Sir,—With reference to your leader commenting on Mr Moriarty's part-time article—what are these "unpleasant consequences" of part-time study? Is it more unpleasant to fill the spaces between periods of study with useful service or work than with gossiping in the cafeteria, swilling in the George, flirting in the library, playing cards in the Common Rooms, Making Love in the ever-decreasing secluded corners of our institute, or evangelising happy pagans?—Yours sincerely,

B. C. Walsh.

Economic Bondage

Dear Sir,—Economic bondage is the greatest danger to the realisation of the higher aspirations of the human race. The quest for material gain; war; depression; nuclear armaments; and the starving of millions in Asia while wheat is destroyed in America; are all due to the economic tyrants in Wall Street, Threadneedle Street and Featherstone Street. And what do the people know about it? Absolutely nothing.

We must remedy the situation before the H-bomb blows us all to atoms at the behest of the Rockefellas or Fords. We must rescue what is worthwhile.

The Economic Dictators should be the First to go and the most Effective way Would be for the Government to take over the Control of Bank Credit. Last Year, for Example, the Trading Banks in New Zealand Issued £185,000,000 Worth of Credit. Any reader doubting this should consult the Mazengarb Report of 1955. This does not mean that the banks would be nationalised; that would be an insidious evil.

Therefore, if these bankers were not controlling the country, they could not commit us to a war. If there was an absence of the threat of war, there would be no need for armaments and no economic dictators to use them. There would be no bankers trying to force prices to artificial levels, and wheat and food would not be destroyed but given to the starving millions.

Such a government having the interests of the people at heart would reform the education system so that the children would learn that there are many more higher things for which to strive than money and pseudo-respectability.

Surely this is Worth Working and Striving for; or would you Rather Seep Slowly into the Slime.

Yours faithfully,

R. J. Bromby.

(Abridged).

To Hell with High Heels

March 21, 1961.

Sir,—After having a quick look round our almost completed Students' Union Building and seeing the high standard of the finishing, I feel something must be done to prevent marring of the polish of the linoleums. I refer in particular to the wearing of high-heeled shoes by the fair sex. I am sure it would be a great pity to have these fine looking floors cut and dented unnecessarily within days, if not minutes, of our taking over the building. The only available solution is to ban the wearing of such shoes before any damage is done. I am, etc.,

President: S.P.W.H.H.S.W.

(Society for the Prevention of the Wearing of High-Heeled Shoes by Women.)

Nauseated Observer

Dear Sir,—I am surprised that "Salient" even bothered to give nine valuable lines to the disgusting hackneyed filth of the outrage perpetrated by Weir House at the Orientation Ball. I hope that some sense of shame is felt by the "cream of the country." Never before have I seen liquor consumed with such effect, and I attribute the Weir House pollution to the fact that most who took part were well on their way to a hangover.

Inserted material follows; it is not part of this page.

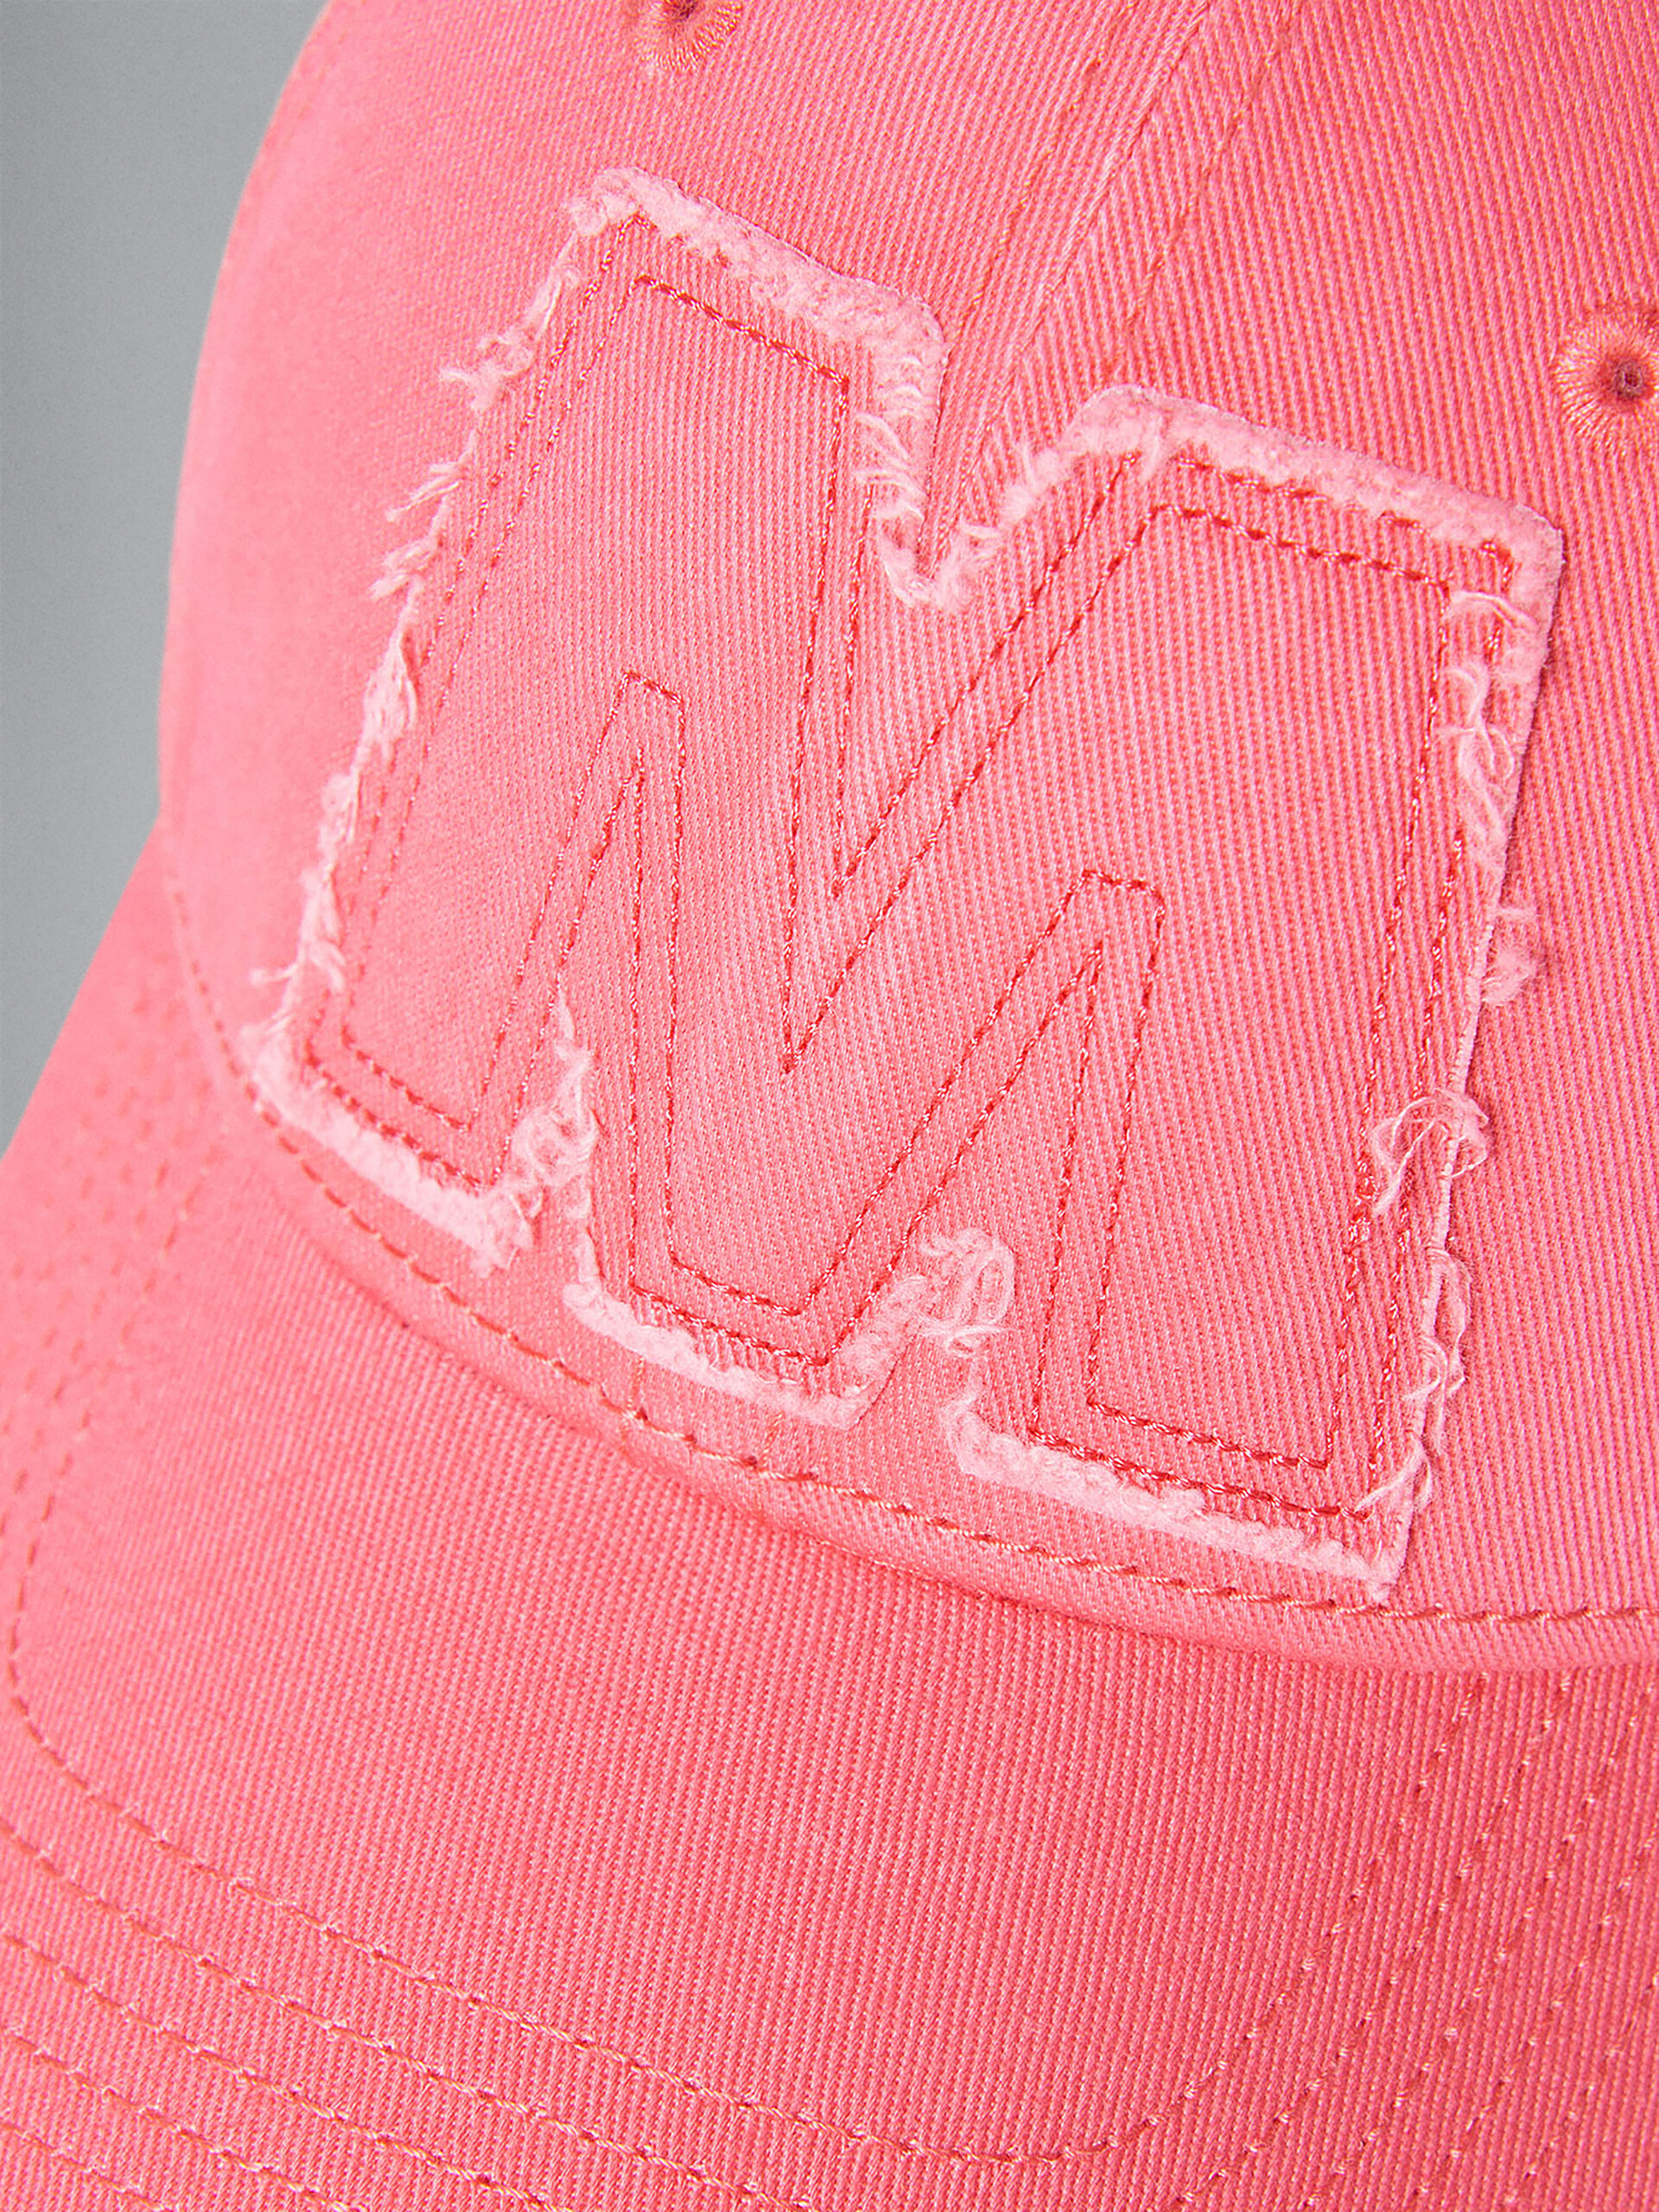 Gorra de béisbol fucsia con logotipo Big M - Gorras - Image 3

I Also am Nauseated to Think that Part of my Subscription is used, by the Students' Association, to buy Booze for Beatniks.

Yours faithfully,

Peccavunt.

Forums, Friendship & Fantasy

An article in the last issue of Salient informs us that a World Youth Forum, "organised along the lines of the highly propagandistic world youth festivals," is being boycotted by all respectable anti-Communists. Cheers.

The World Youth Forum, to be held in Moscow, in July of this year, is, as Salient's earlier article makes clear, an offshoot of the various World Youth Festivals that have been held in Europe in the post-war period. All these festivals have stressed the nobility of their intentions: to promote peace, to encourage friendship between young people of different nations. All these festivals, too, have duly been exercised by Western groups such as the International Student Conference and the World Assembly of Youth. These festivals, it has been said, are Communist-dominated; they have Communist majorities on their organising committees, and few Western groups support them anyway. This argument does not seem to realise that if more Western countries co-sponsored such festivals, there might be fewer Communists on their organising committees.

But this is not the main issue. The main issue is simply, that these festivals, and this 1961 Forum do constitute one of the few remaining chinks in the Iron Curtain. They do provide opportunities for Communist and non-Communist students to meet; and, where there is a meeting between East and West, why should it be assumed that the West will come off worst? If the wicked Chinese delegate wants, as Salient suggested, to attack American imperialism at the Forum, then it should be easy enough for Western students to attend the festival and show up his stupidity. If the West cannot come out best in any real conflict and interchange of ideas, it had best abandon any attempt to oppose Communism in any shape or form. To boycott the festival is at once a confession of defeat and an imposition of ignorance; a confession of fear of left-wing ideas, and a desperate attempt to prevent those who remain unafraid from enquiring into and discussing them.

The Forum is, of course, being held in Moscow, and some may say this means the cards are stacked in the Communists' favour. Maybe, but the last youth festival was held in a Western country, and this was denounced as a treacherous Communist manoeuvre by the West. Moscow cannot do right: heads we win, tails they lose.

Festivals, of course, are not God's gift to the human race. Nor, probably, is the 1961 World Youth Forum. Just because people meet together they do not love each other like brothers for ever after.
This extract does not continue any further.